- The Washington Times - Wednesday, May 3, 2023

Federal officials late Wednesday scrambled to bless an Oklahoma hospital chapel’s candle after issuing a warning letter cursing its light and threatening a cutoff of Medicare and Medicaid funding.

In a statement to The Washington Times, a spokesperson for the Centers for Medicare & Medicaid Services said the agency “is working with the hospital’s accrediting organization to develop options to mitigate the potential fire risk and remove the safety finding.”

On April 20, a CMS official ordered the St. Francis Health System to extinguish a glass-encased candle at its 96-bed hospital in south Tulsa or lose its accreditation from the Joint Commission, an independent agency.



Public Health Service Capt. Scott J. Cooper said the flame is a hazard, citing an inspection report about the “open, unsupervised flame” from the Joint Commission, a hospital accrediting body.

He denied a waiver request from St. Francis Health System to permit the chapel candle.

Without the commission’s endorsement, the entire Health System risked losing eligibility for federal payments, advocates said.

The earlier CMS letter was adamant about enforcing a requirement that open flames in hospitals be “supervised at all times.”

The candle, which represents the presence of Christ, has burned continuously in the chapel for 63 years with the approval of local fire officials.

“In requiring Saint Francis to extinguish its flame, you are trying to extinguish not just a candle, but the First Amendment rights of Saint Francis Health System, as well as vital healthcare for the elderly, poor, and disabled in Oklahoma,” attorney Lori Windham of the Becket Fund for Religious Liberty said May 2 in a letter to Health and Human Services Secretary Xavier Becerra, CMS Administrator Chiquita Brooks-LaSure and other officials.

A loss of accreditation and funding “would abruptly and immediately jeopardize its services to the elderly, disabled, and low-income patients” who rely on the federal funds, said Ms. Widham, whose nonprofit legal group is representing the hospital.

The attorney said the St. Francis Health System provides about 11,000 jobs and cares for more than 400,000 patients in its five eastern Oklahoma hospitals.

The church’s rules require “a special lamp, fueled by oil or wax, should shine prominently to indicate the presence of Christ and honor it,” and that the use of “so-called electric vigil lights” is prohibited under guidelines issued by the U.S. Conference of Catholic Bishops.

Advocates say the chapel candle is far from medical equipment and patients and shielded by two glass holders. It stands in a brass basin attached to a wall.

A Joint Commission surveyor visited the hospital Feb. 21, expressly asked to see the chapel candle and cited it as a “moderate” safety risk, hospital attorneys said.

A spokesperson for the Joint Commission did not immediately respond to a request for comment.

Barry Steichen, executive vice president and chief operating officer of St. Francis, said the hospital is “being asked to choose between serving those in need and worshipping God in the chapel, but they go hand in hand.”

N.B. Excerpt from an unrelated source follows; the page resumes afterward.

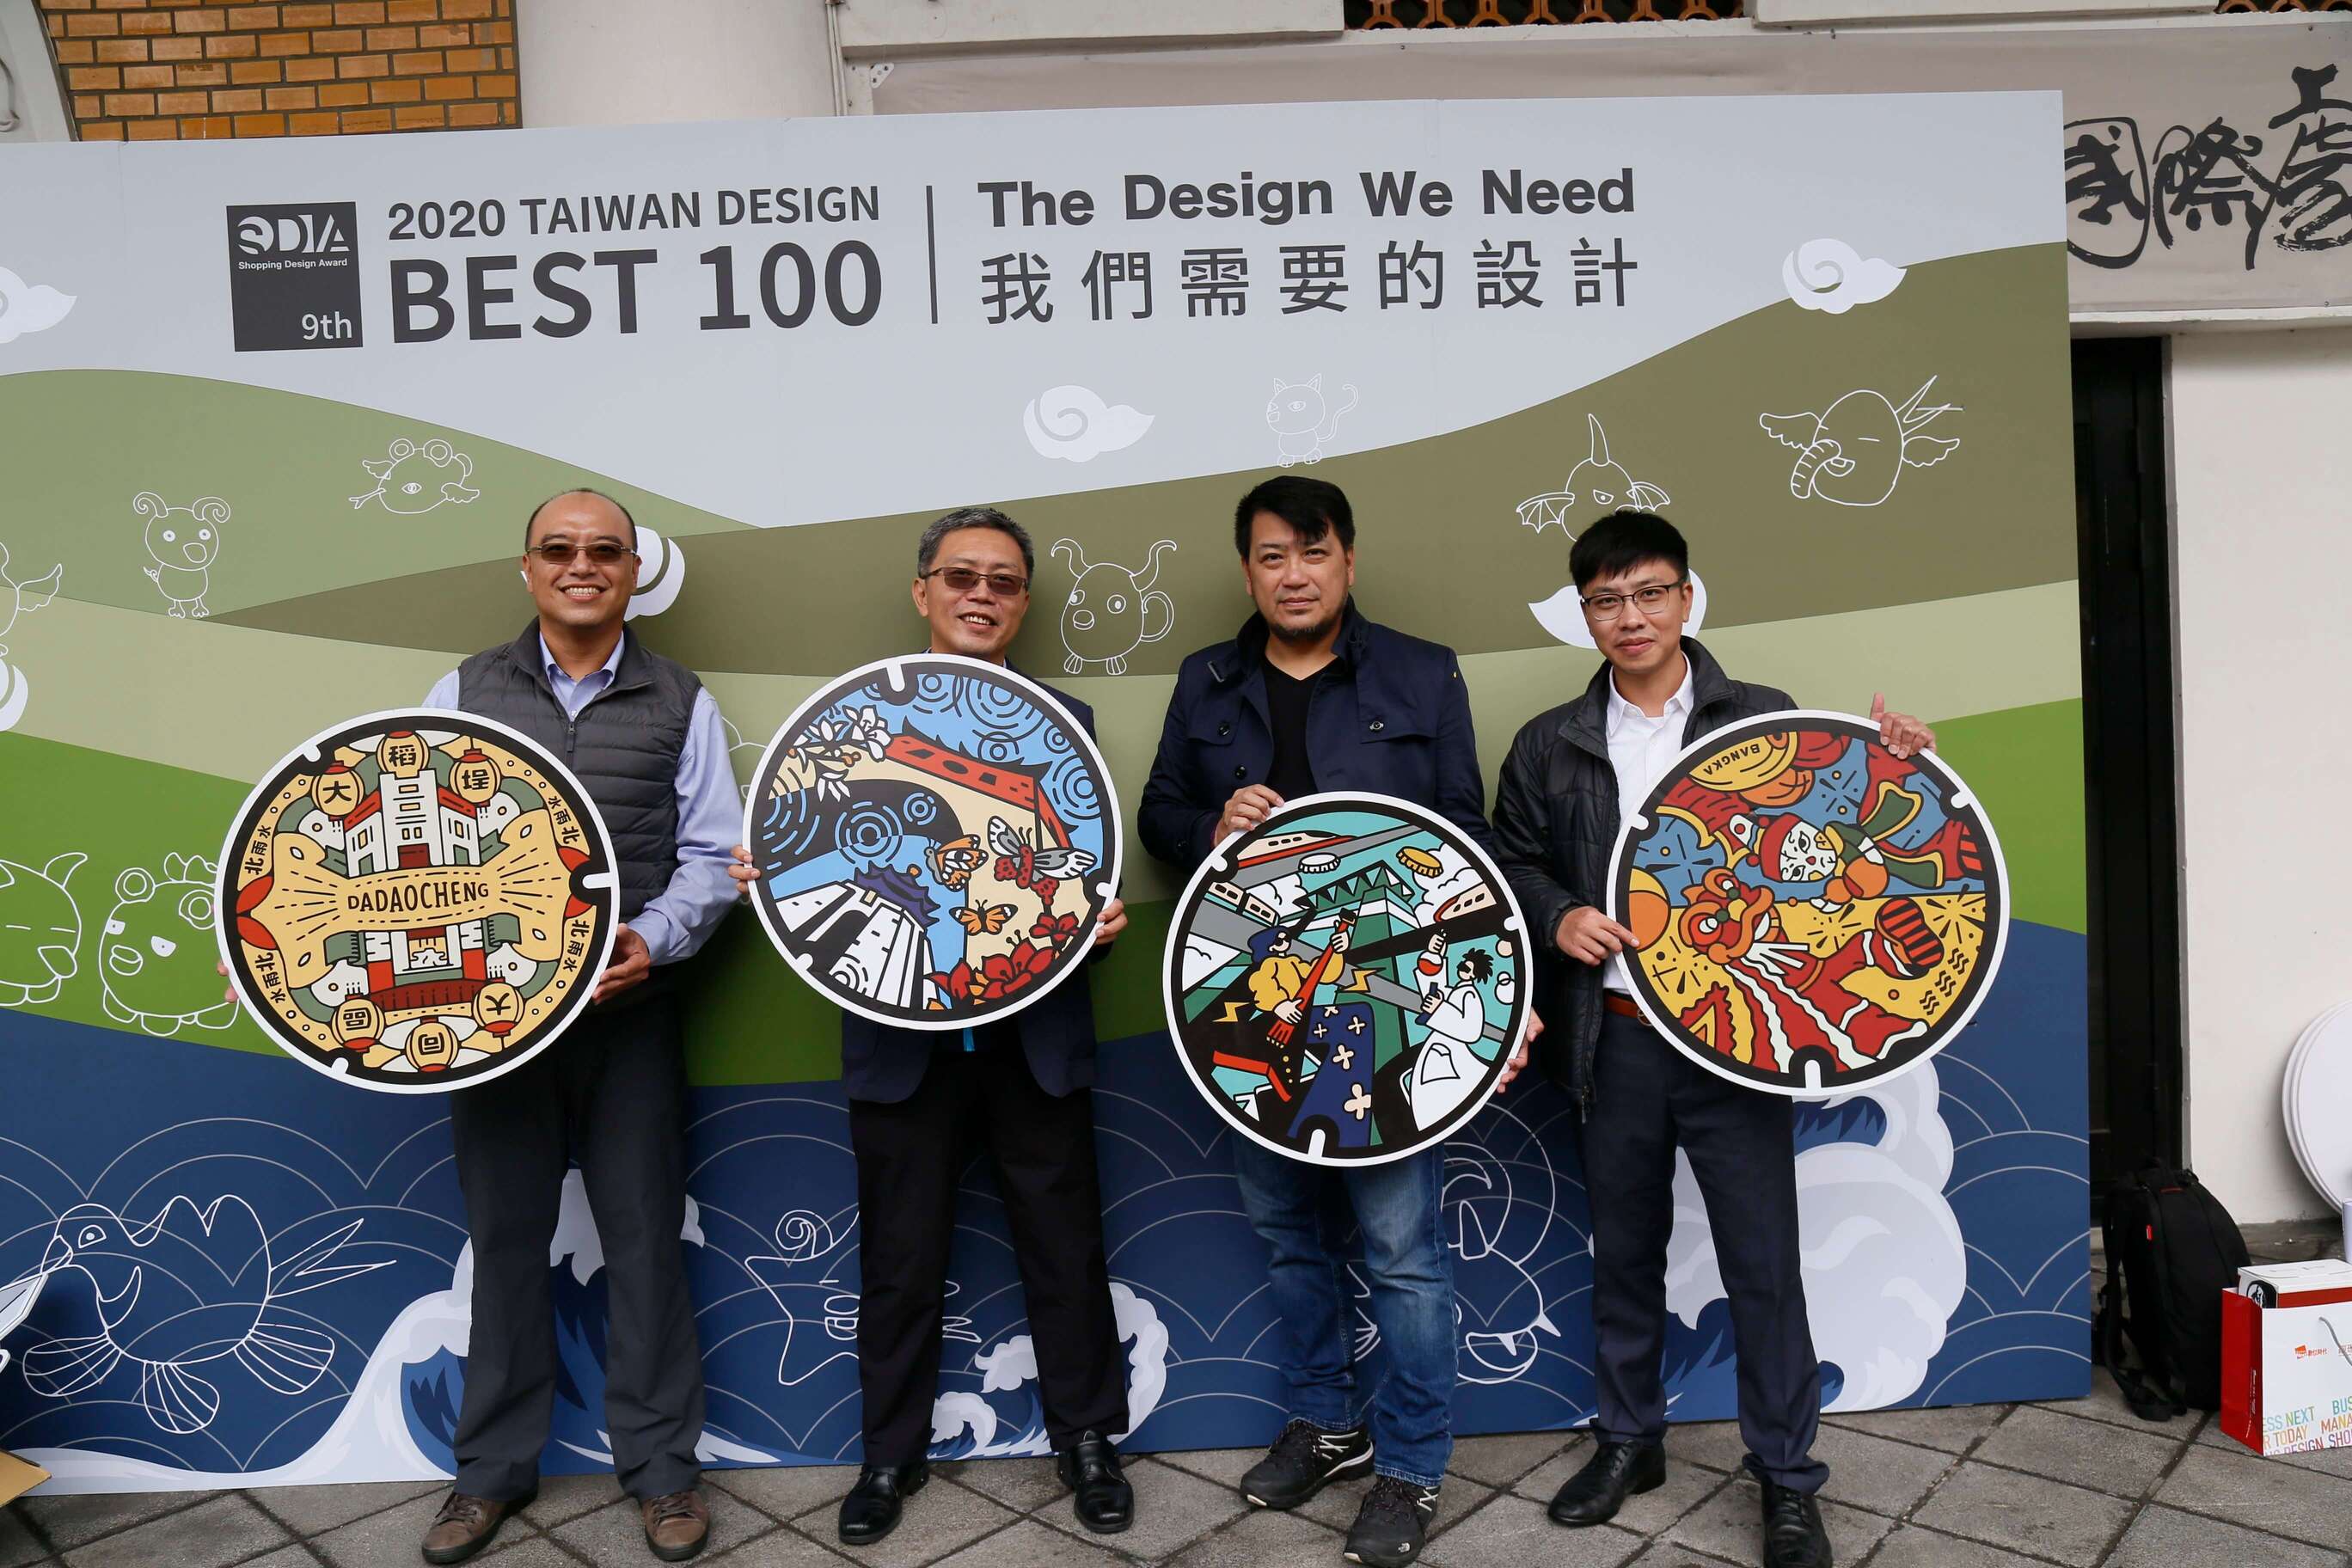 第9屆Shopping Design Award「2020 TAIWAN DESIGN BEST 100」年度在地文化推廣貢獻獎

Ms. Windham said the candle-dousing order “is a blatant violation” of the 1993 federal Religious Freedom Restoration Act and the First Amendment.

Sen. James Lankford, Oklahoma Republican, denounced the April 20 CMS determination.

In an email to The Washington Times, he said threatening the hospital’s accreditation for having the chapel candle “violates Oklahomans’ right to religious freedom.

“As Americans, we have a right to have a faith and live that faith. To try to harm a hospital because it is religious and not allowing Tulsans to live their faith — most likely in a moment of need — is an attack on this basic human right,” he said.

Correction: An earlier version of this article misspelled Lori Windham’s surname.